For the sample size calculations, we used two different calculator tools: an online sample-size calculator tool (http://​powerandsamplesi​ze.​com/​Calculators/​Compare-2-Means/​2-Sample-Equality) and G*power (http://​www.​gpower.​hhu.​de/​en.​html). In both methods, we applied the appropriate test comparing the difference of two independent means of two groups (calculation formulas are presented on the calculator’s website and in G*power). The mean application number of the group with the study catheter was assumed to be reduced by 25% (as already mentioned) compared to the control group (thus amounting to 1.39 × 0.75 = 1.043) and the standard deviation of this group was assumed to be identical to the control group. The power was set to 80% and the type 1 error (α) to 5% (two-tailed). Using these parameters, both methods/calculators determined the same sample size of patients (2 × 46 = 92), which would be required to show a statistical significance in the case of a clinically significant reduction (25%, as mentioned earlier) of RF application number.

Allowing a dropout rate of 15%, the total sample size would become around 106. In addition, the acute success rate of AVNRT/WPW-AVRT ablations has been reported to be around 95% [26, 29]. Taking this into consideration, the total number of patients required for the purposes of this study would be 112.

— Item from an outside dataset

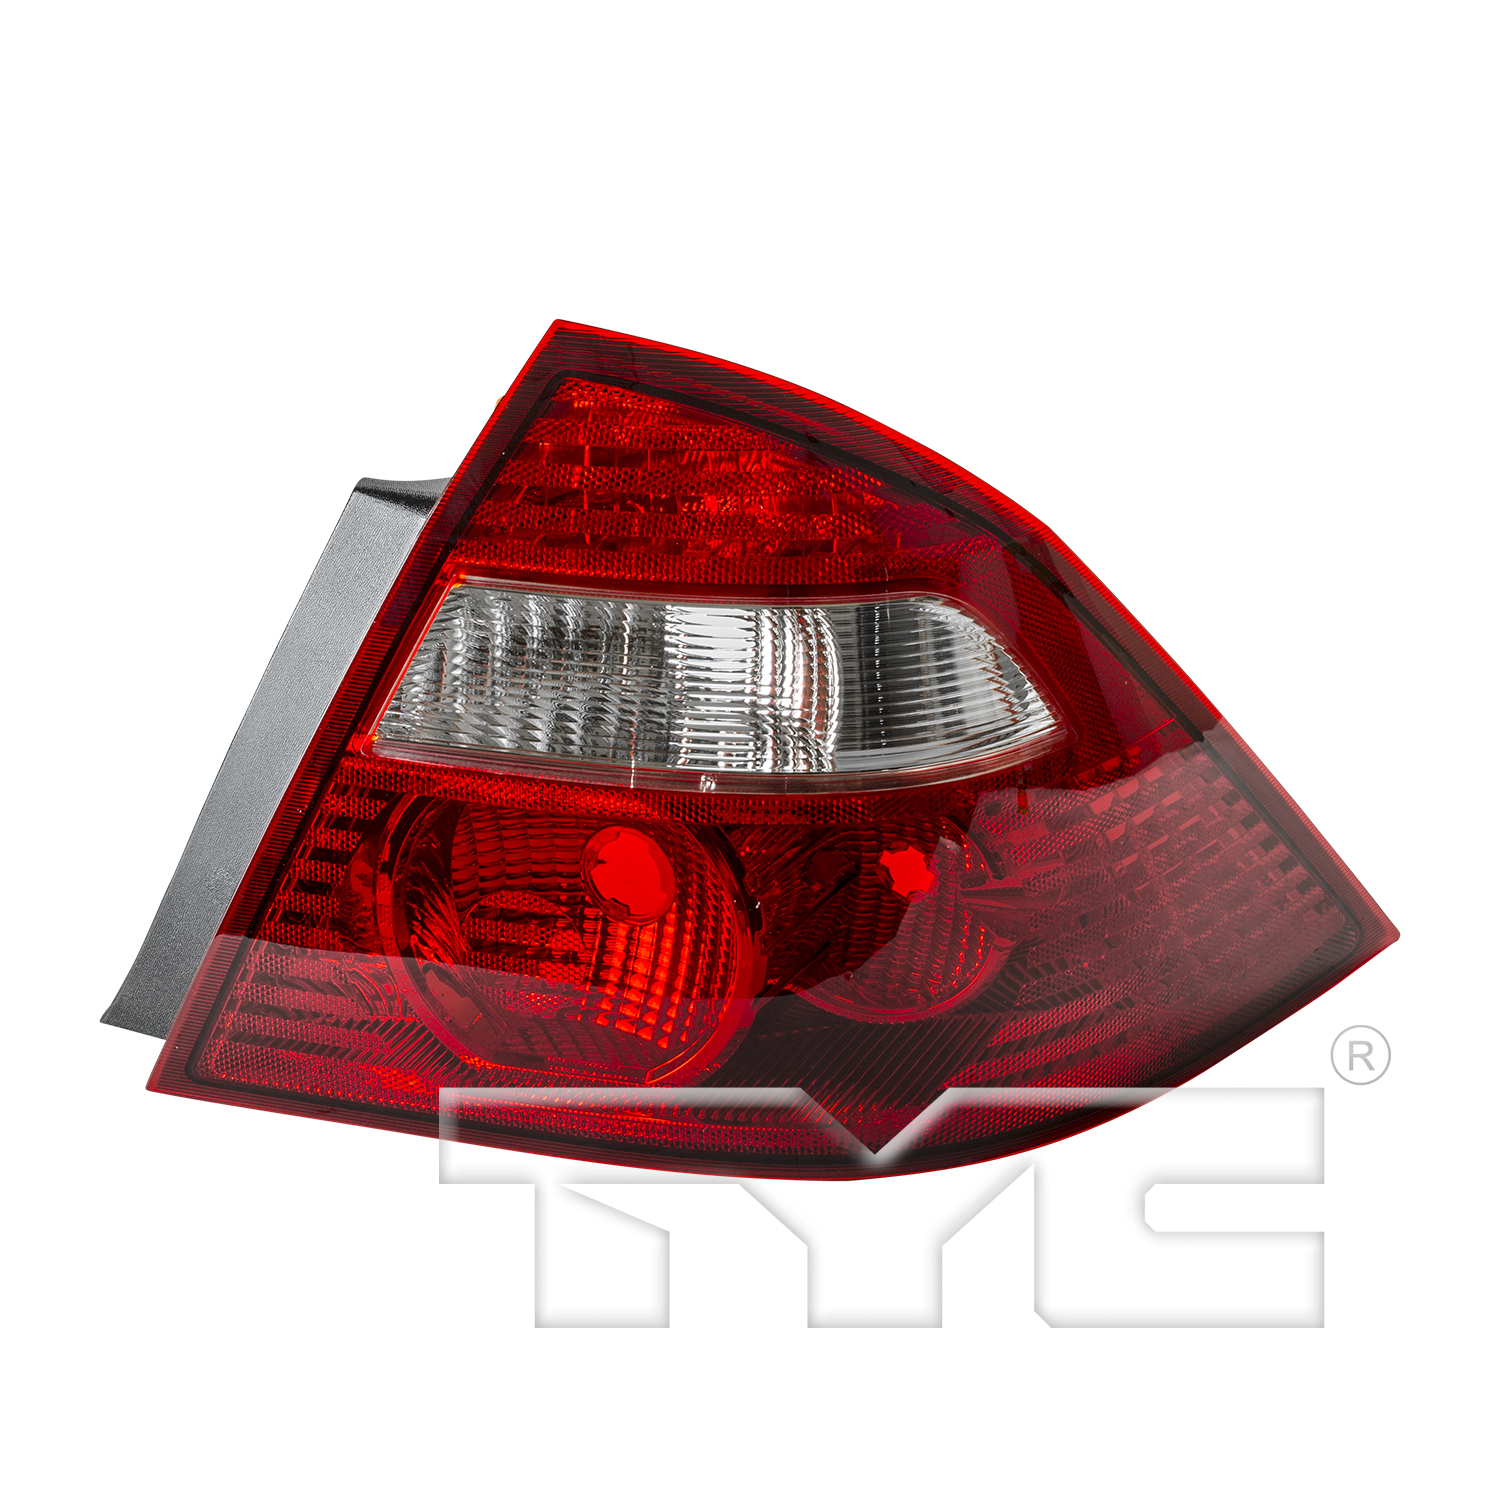 Aftermarket TAILLIGHTS for FORD - FIVE HUNDRED, FIVE HUNDRED,05-05,RT Taillamp lens/housing

Commercially available CF-sensing catheters utilize irrigated-tip technology as a standard feature (and currently, nonirrigated CF-sensing catheters are not being manufactured). However, the standard catheter type used for PSVT ablations is a nonirrigated catheter. In order to create a comparable ablation approach, we intend to use the CF-sensing catheter in a “virtual nonirrigated modus” (irrigation rate set at 2 ml/min), thereby achieving similar temperature-controlled ablation characteristics to those with the nonirrigated catheters. The small amount of residual irrigation could, however, lead to potential bias and inconsistencies as far as the homogeneity of the two ablation approaches are concerned, thereby adding another possible non-negligible factor to the equation, which can have a potential effect on outcome and efficacy. However, based on our experience (gained with several commercially available irrigated-tip catheters throughout a significant number of ablations in our EP center), the efficacy and safety profiles of an irrigated catheter utilized in a “nonirrigated modus” are comparable to the characteristics of nonirrigated ablation.